It is a medium-sized bird, 48–60 cm in length, 132–242 g in weight and is characterized by a long yellow and down-curved beak. This beak is huge in comparison to its body and can account for up 1/6th of the entire body length. Male beaks are on average 90 mm long while female beaks are an average of 74 mm. Males are generally bigger than females but there is overlap between the sexes. The size difference of the beak is a fairly reliable way of differentiating sex in wild hornbills.
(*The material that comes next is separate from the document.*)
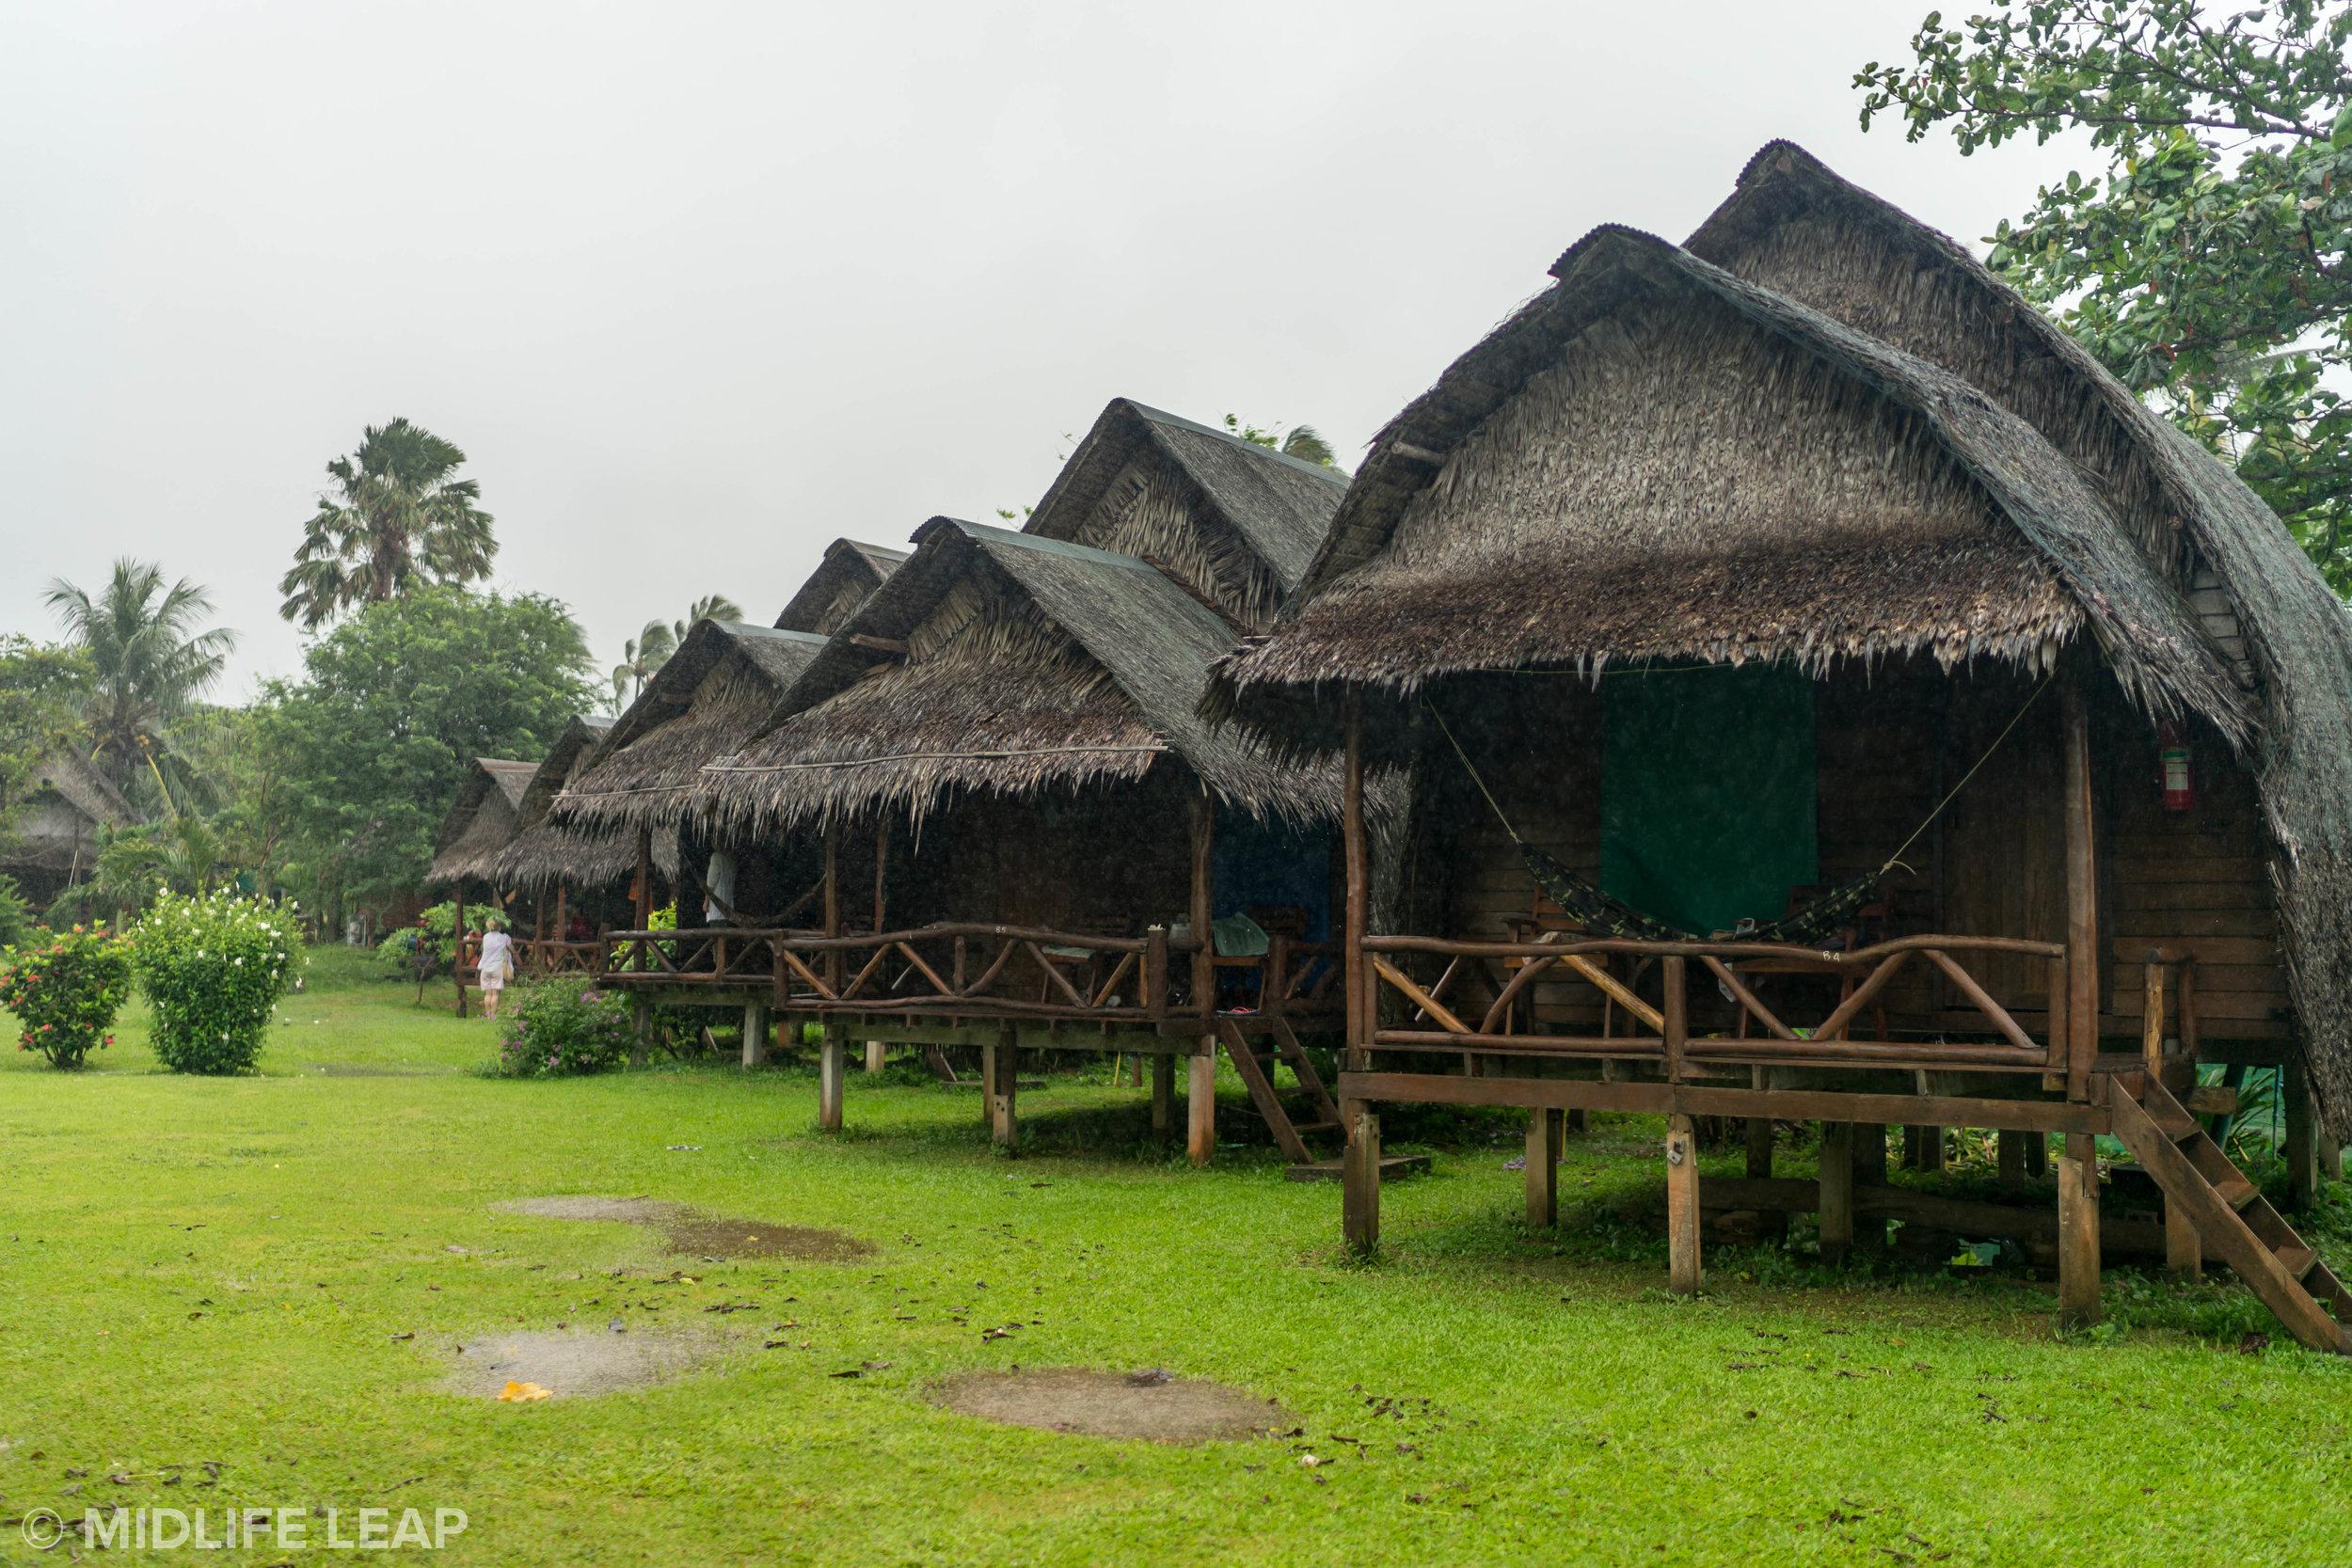 Our little bungalow

The casque that characterizes all hornbills is of a very modest size in the southern yellow-billed hornbill. It is small, but it covers almost the entire length of the beak in males (less so in females), and may give the impression that they do not actually have a casque. As in all hornbills, the size of the beak actually intrudes on the frontal vision of the bird and the first two neck vertebrae are fused together.

Also, like most other hornbills, they possess a long tail, long eyelashes, stubby legs and stubby toes. The front three toes are fused together near the base.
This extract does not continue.